# Work instructions:
From the line that contains "PANTONE 14-0756 TCX - Empire" down to the last line of the data below, restate every line word for word, skipping any images.

# Stored data:
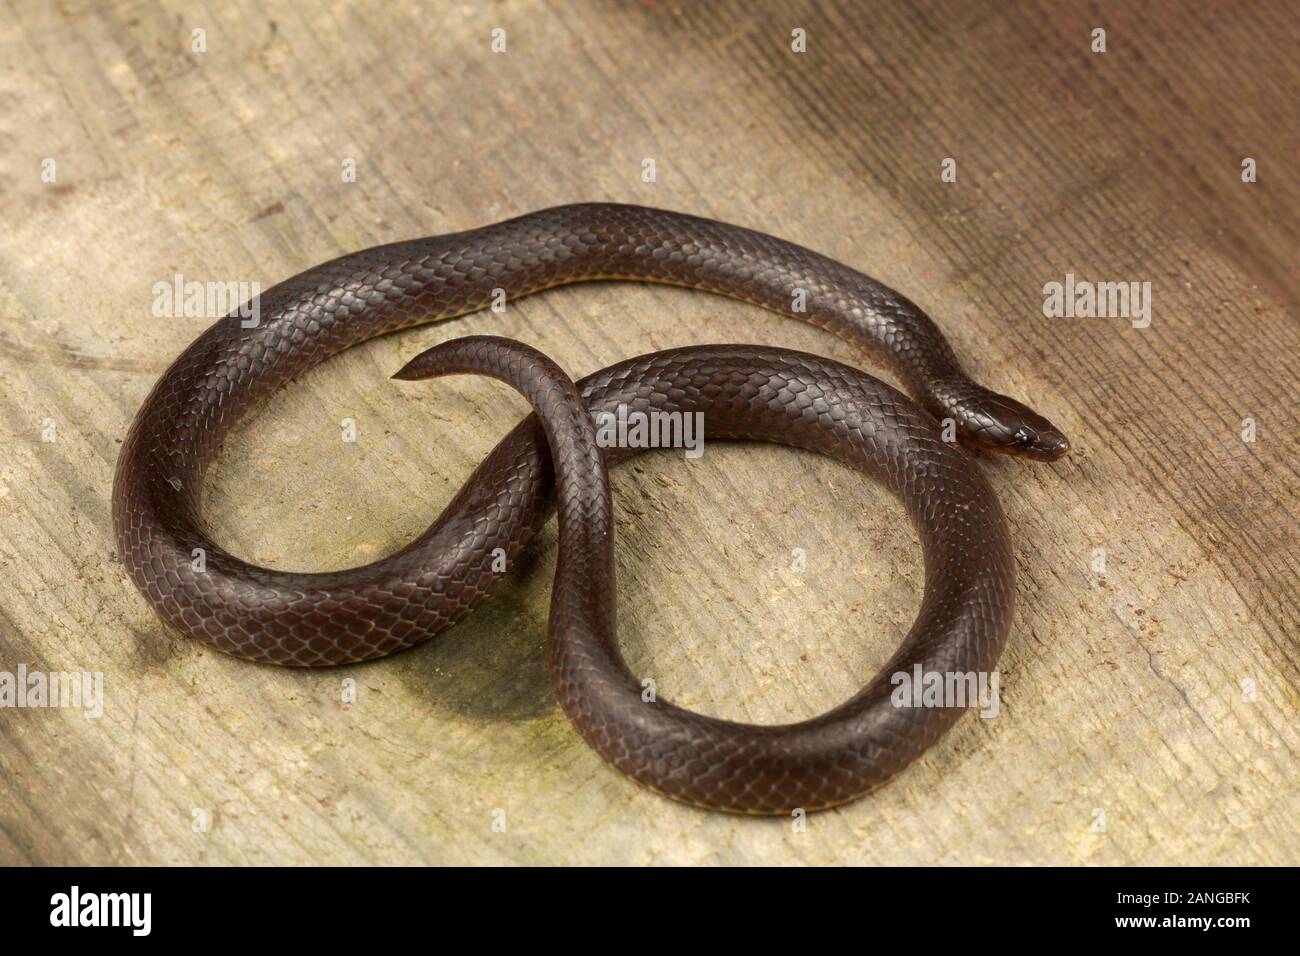 Trachischium slender snakes or worm-eating snakes,  subfamily Natricinae family Colubridae. Endemic to Asia. Stock Photo
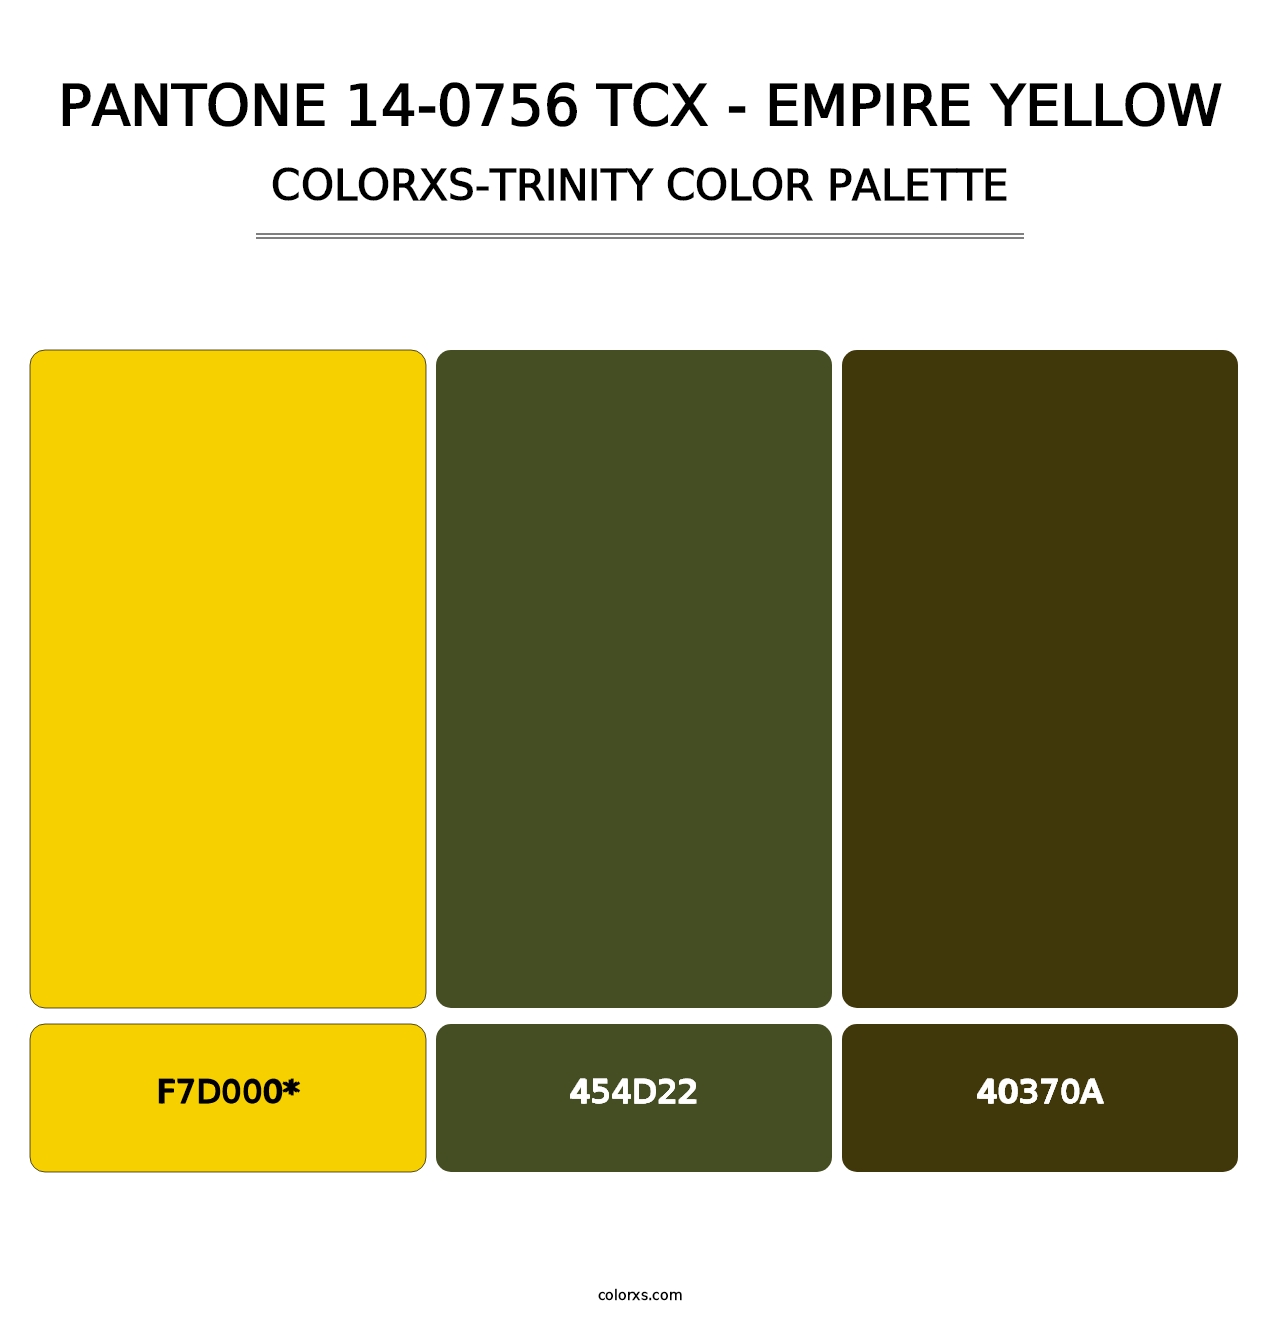 PANTONE 14-0756 TCX - Empire Yellow - Colorxs Trinity Palette
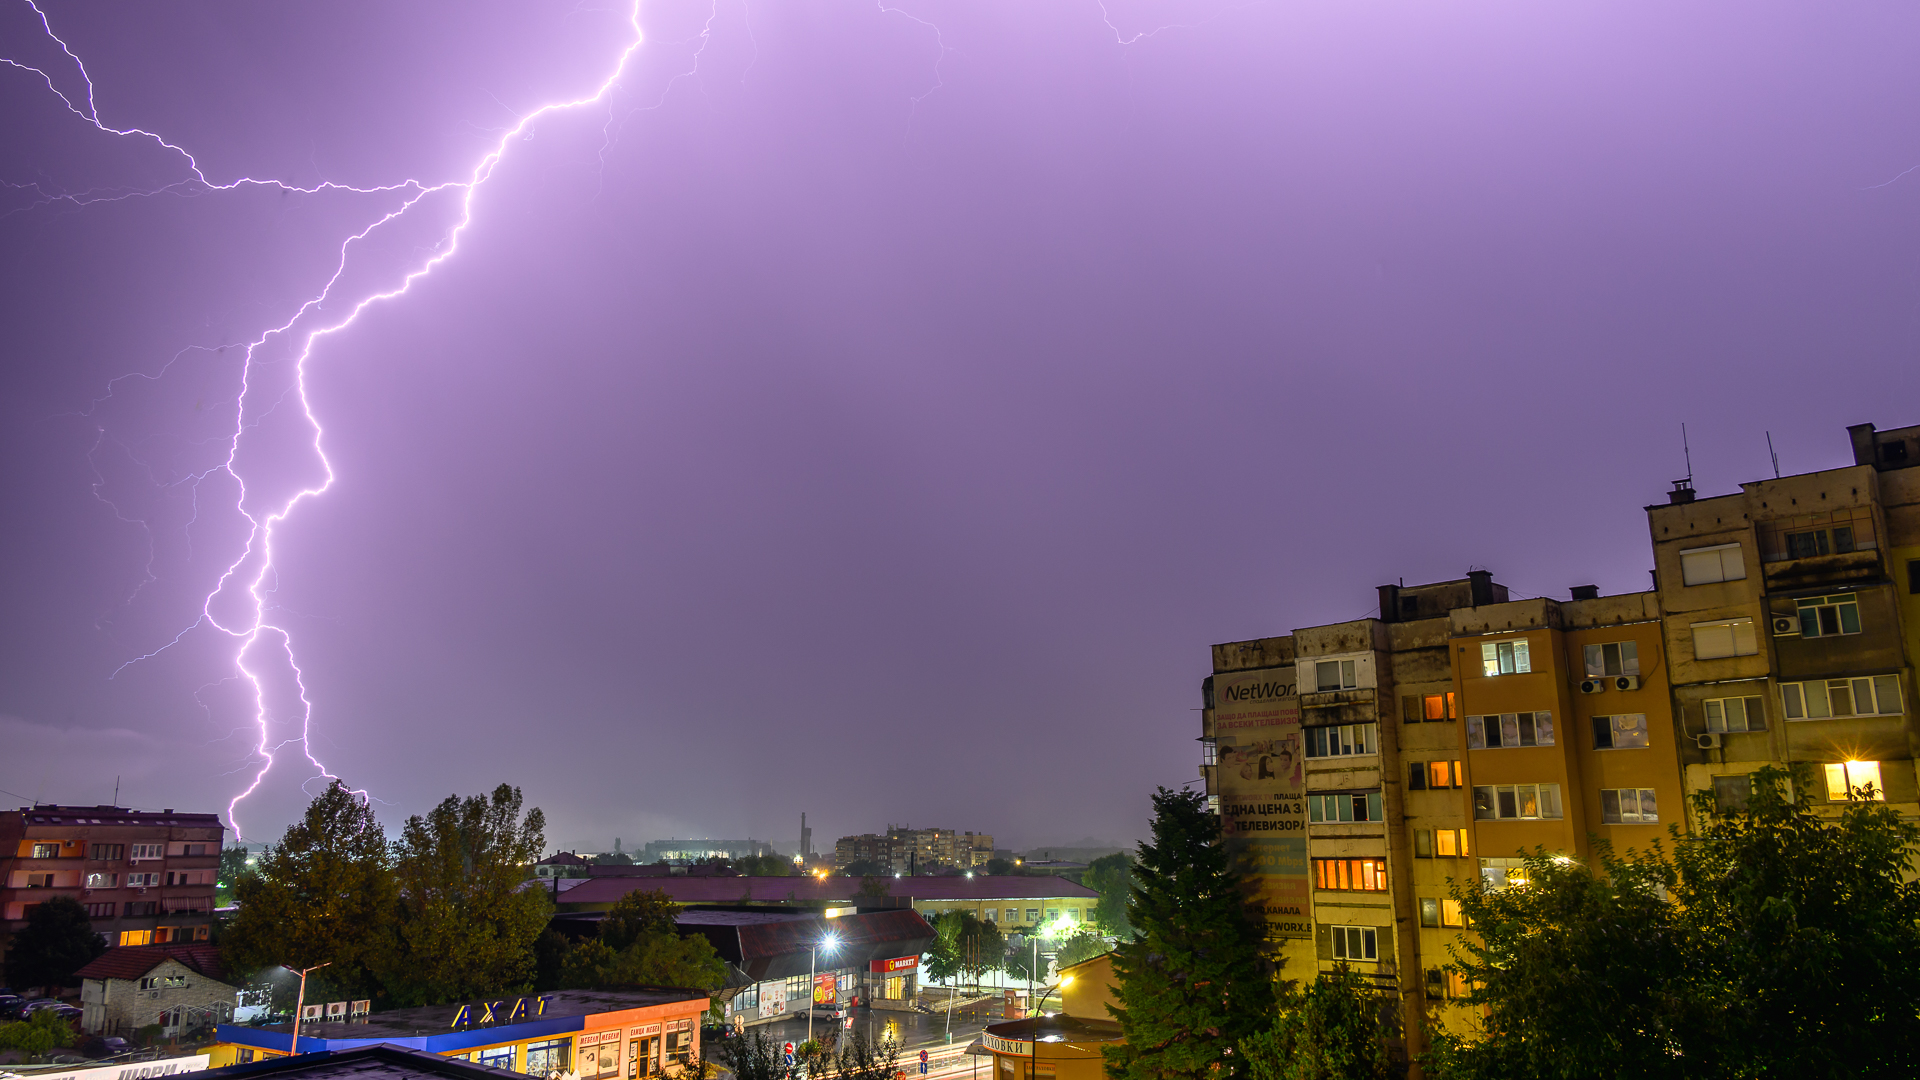 Гръмотевична буря над града от Milen Mladenov - resco

# Response to this task:
 PANTONE 14-0756 TCX - Empire Yellow - Colorxs Trinity Palette
 Гръмотевична буря над града от Milen Mladenov - resco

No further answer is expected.